▶ INSTRUCTIONS FOR THE TASK
Word for word, set down the lines from the one that holds "Turquoise and Diamonds" through the final line of the listing below, and exclude every picture.

▶ INFORMATION SUPPLIED
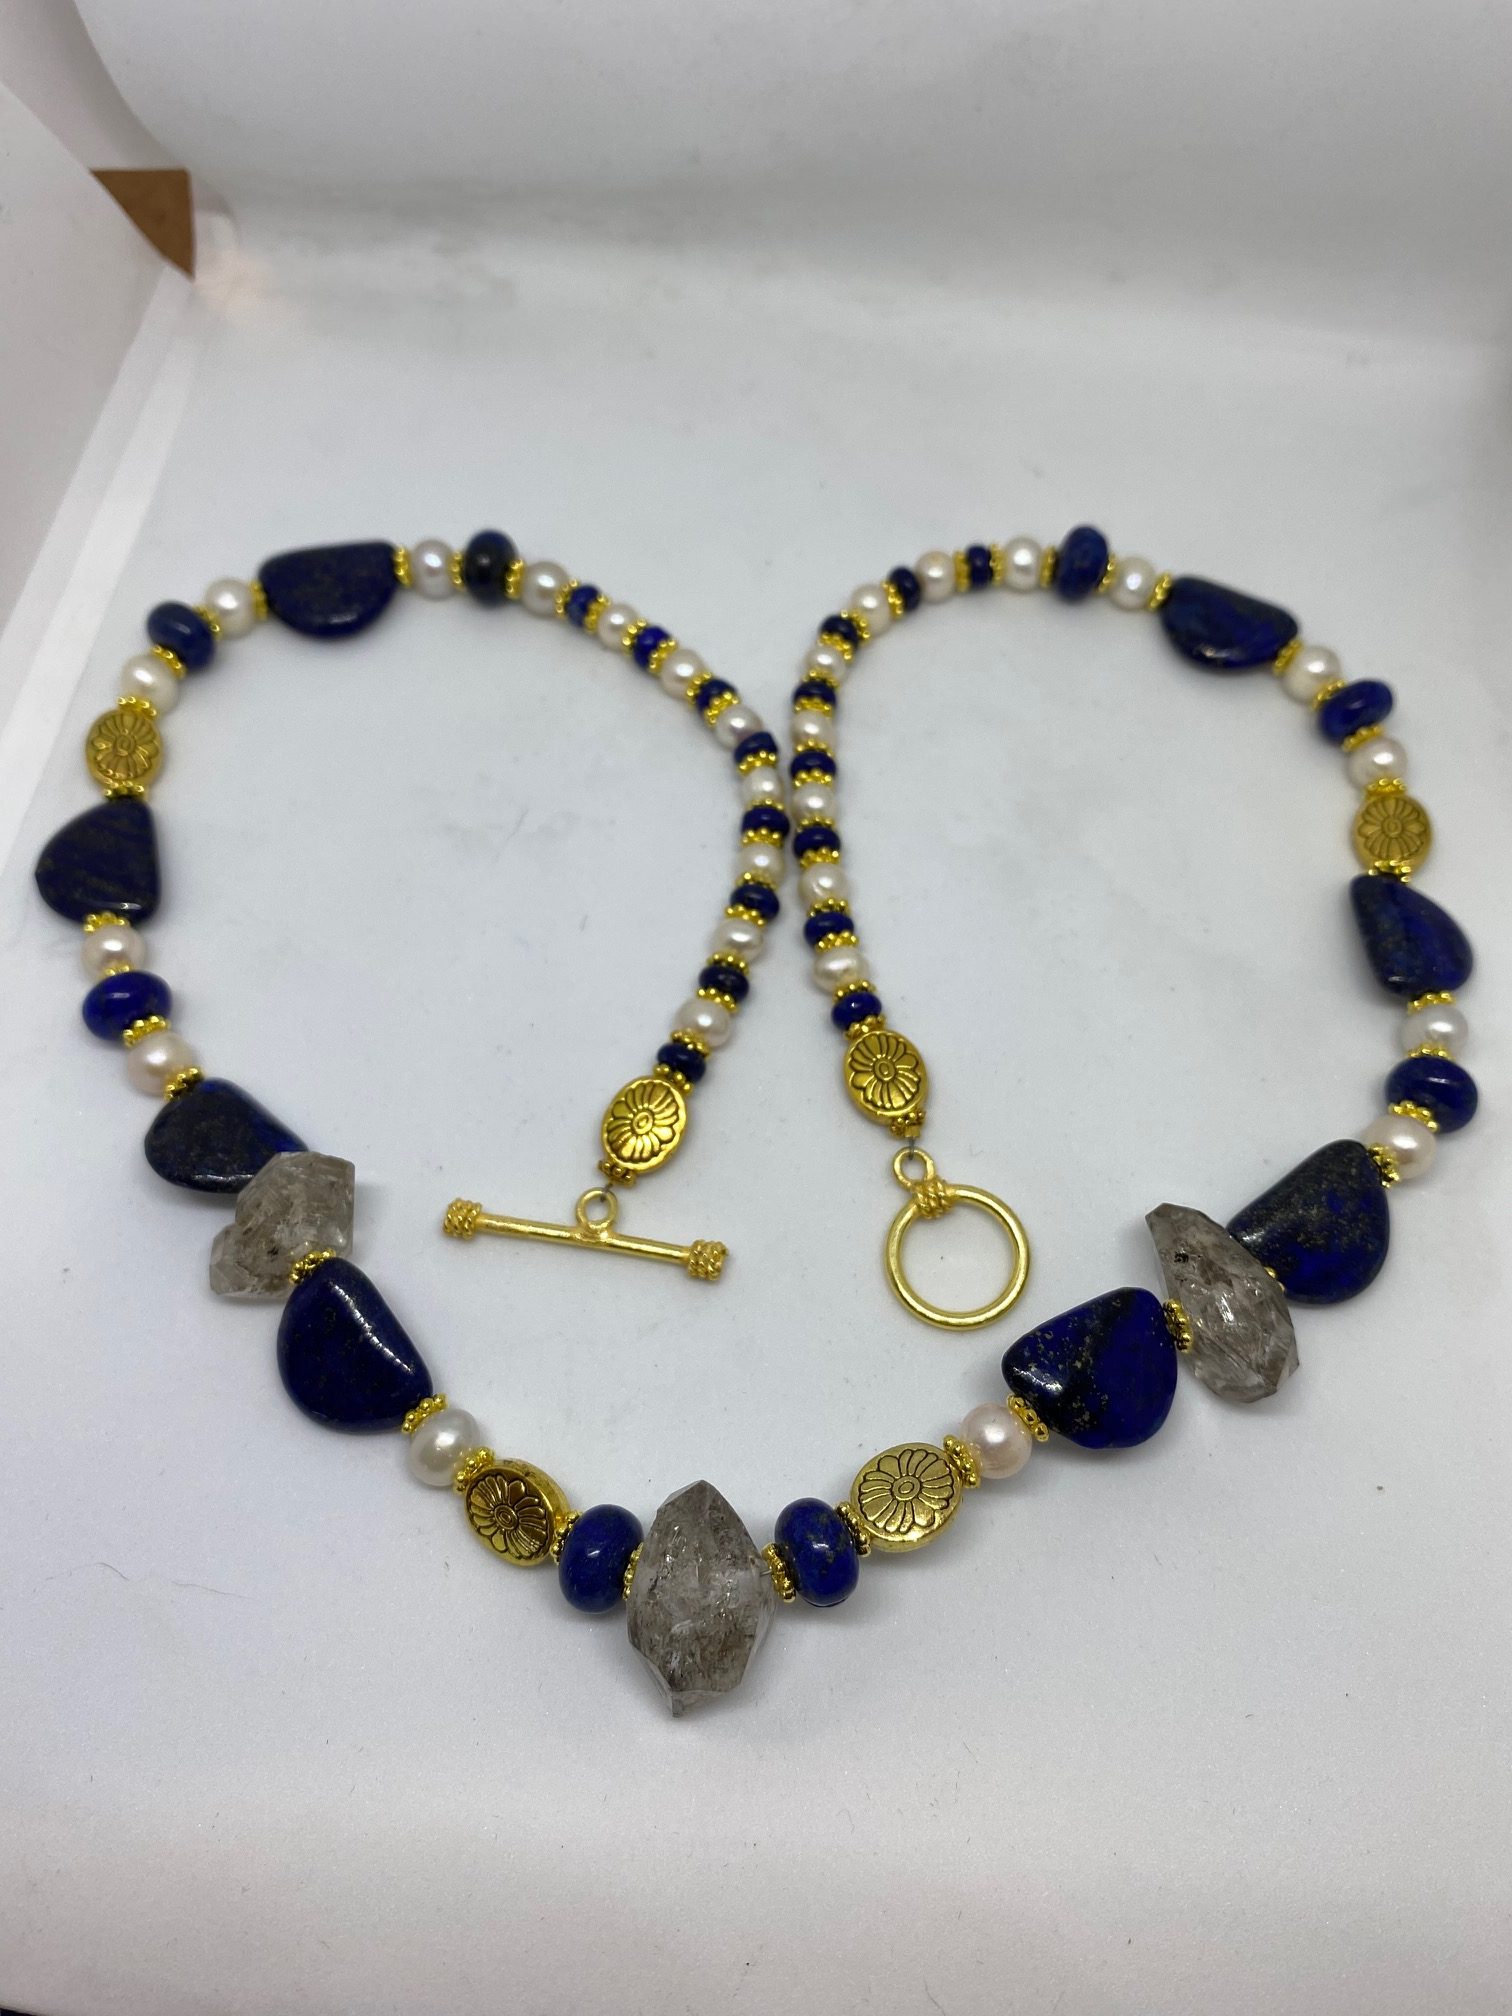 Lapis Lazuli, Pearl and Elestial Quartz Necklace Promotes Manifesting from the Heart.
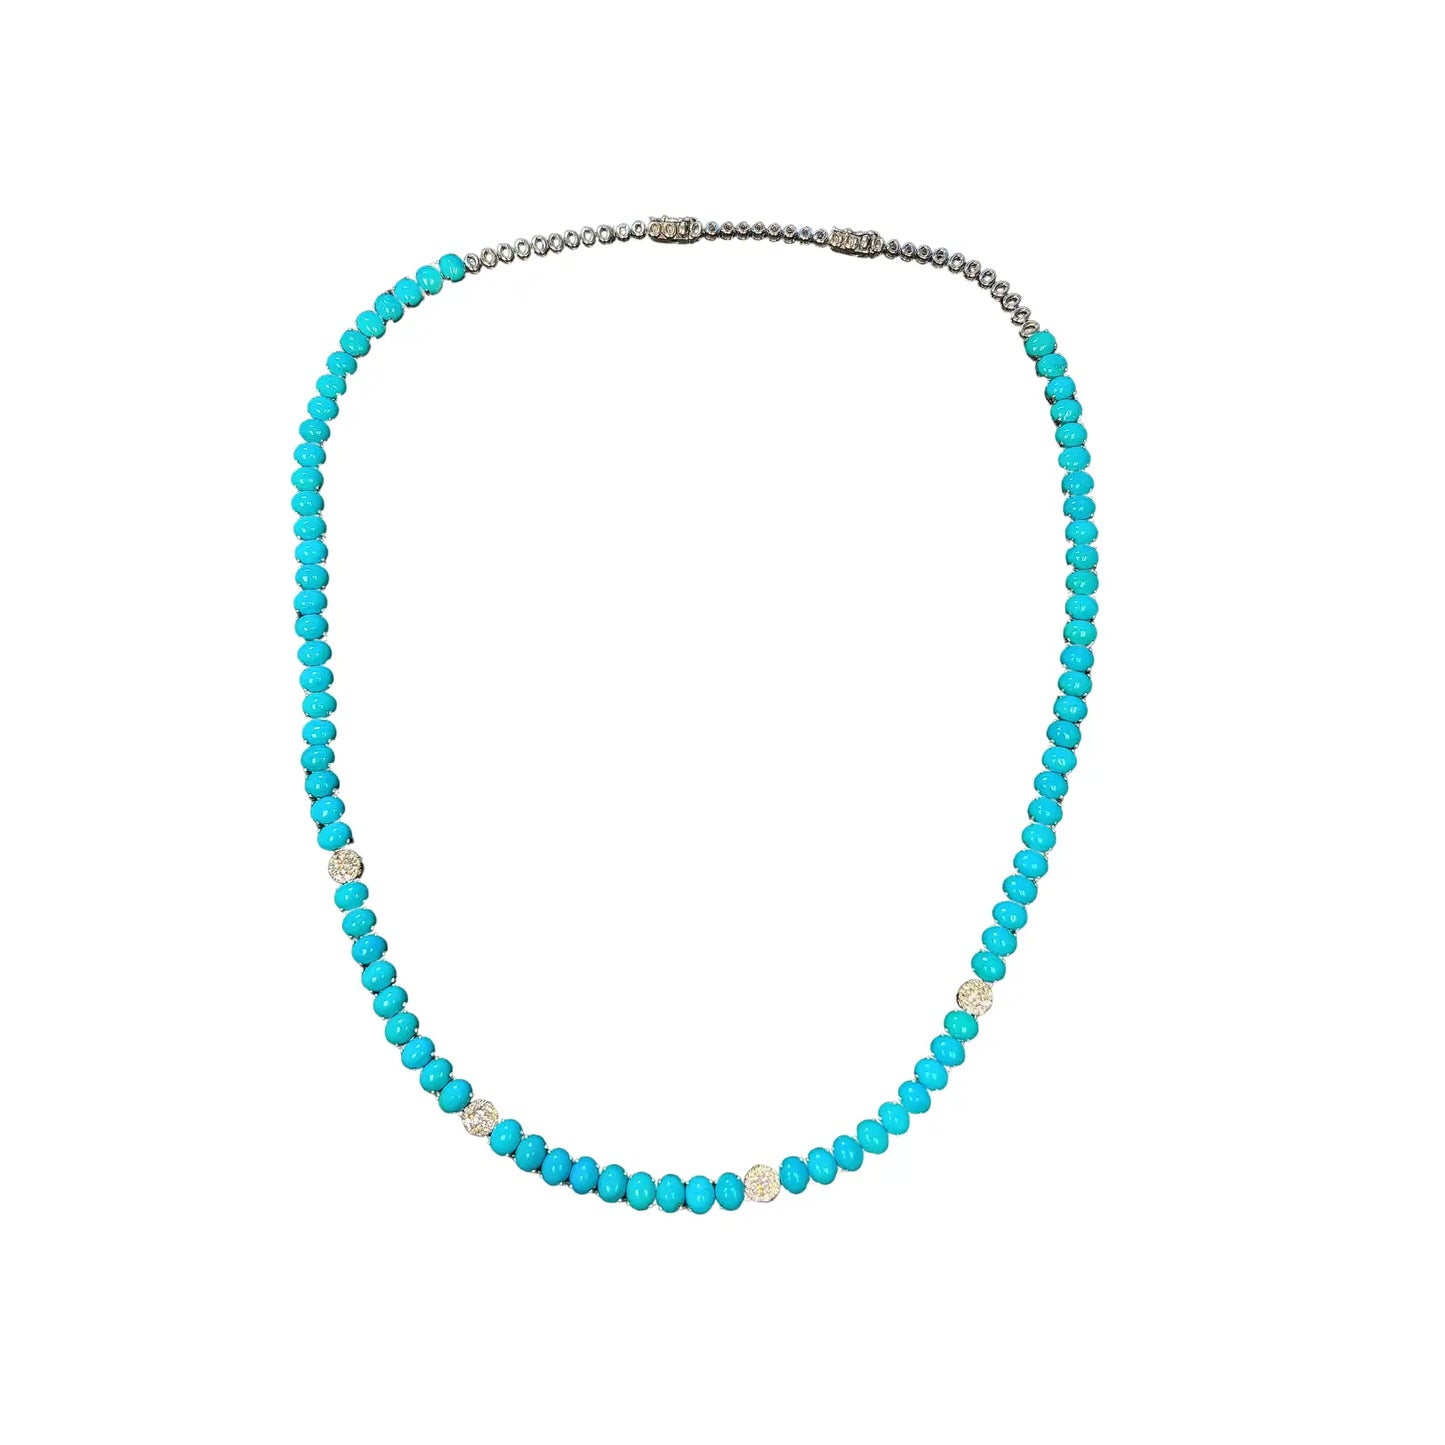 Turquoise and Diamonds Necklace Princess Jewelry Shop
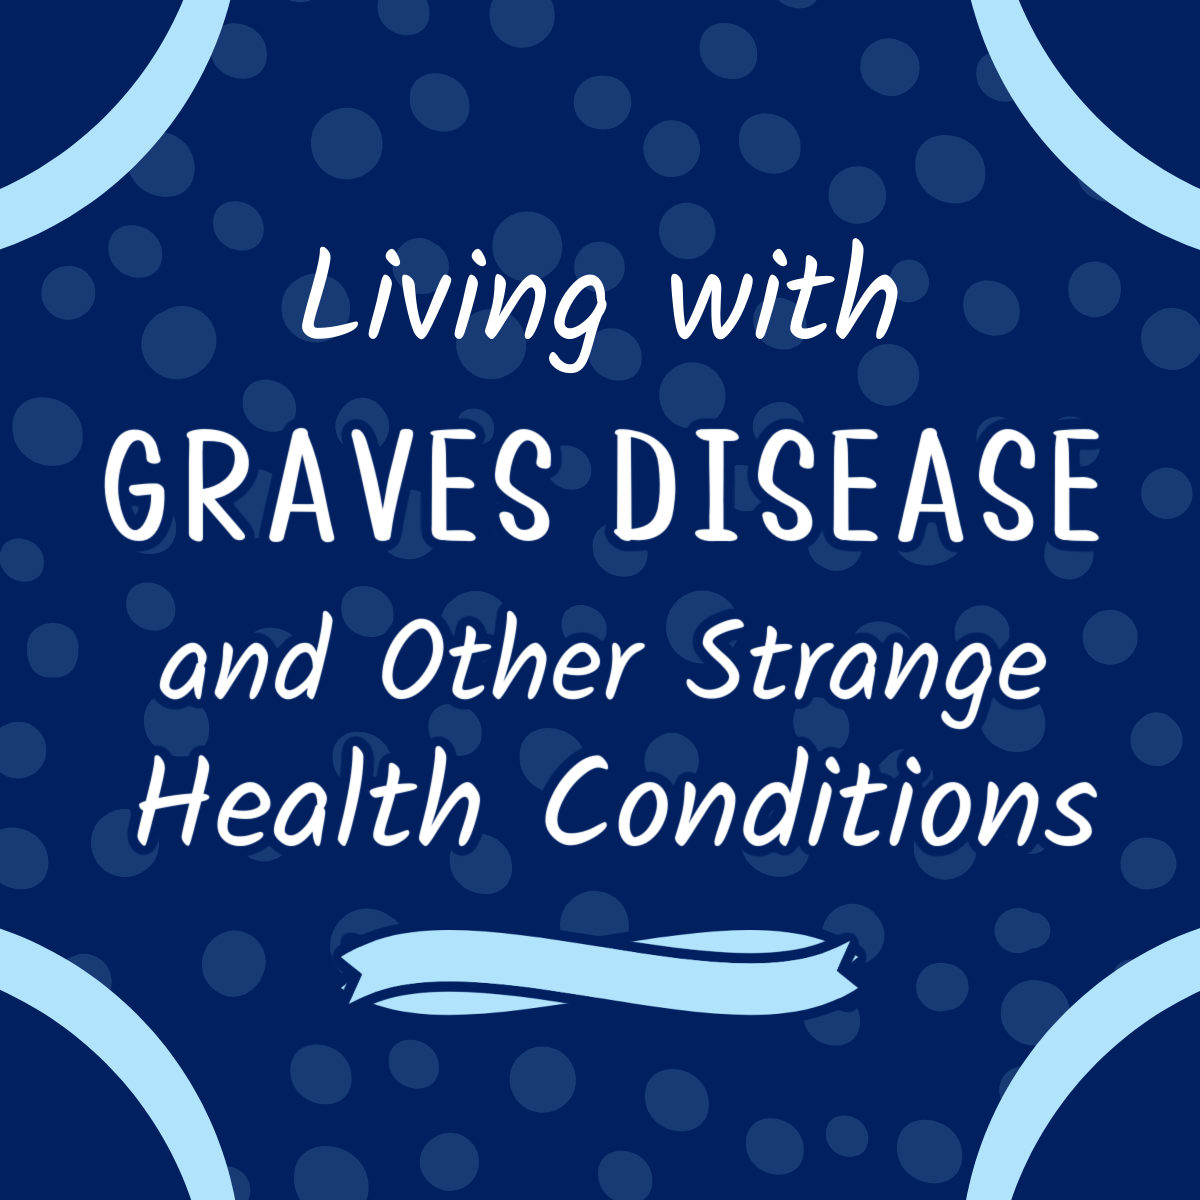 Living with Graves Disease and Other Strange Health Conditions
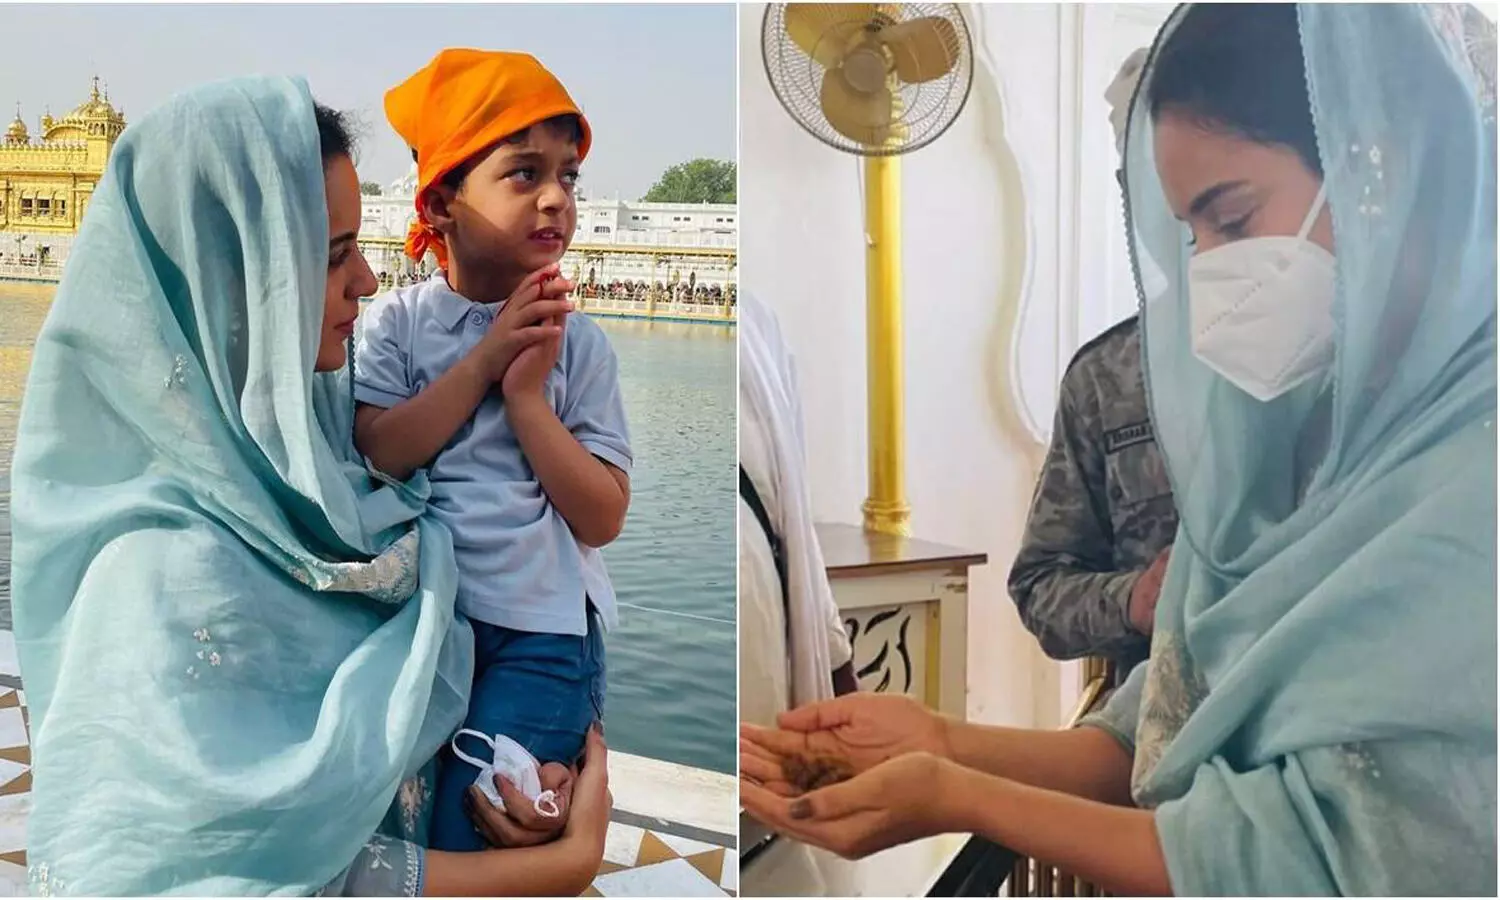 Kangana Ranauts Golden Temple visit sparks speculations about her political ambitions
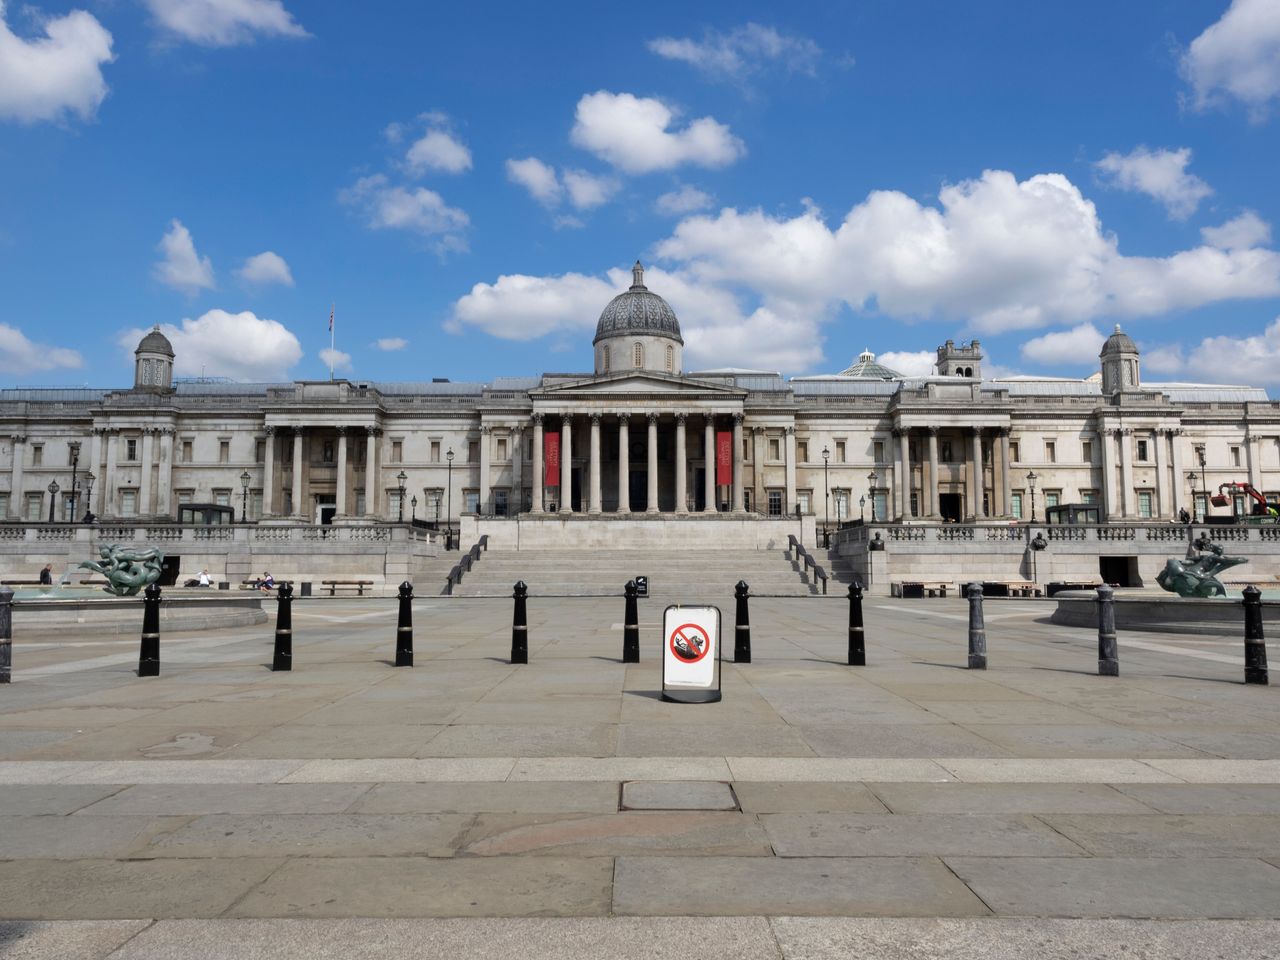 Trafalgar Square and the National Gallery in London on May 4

▶ EXERCISE RESPONSE
 Turquoise and Diamonds Necklace Princess Jewelry Shop
 Living with Graves Disease and Other Strange Health Conditions
 Kangana Ranauts Golden Temple visit sparks speculations about her political ambitions
 Trafalgar Square and the National Gallery in London on May 4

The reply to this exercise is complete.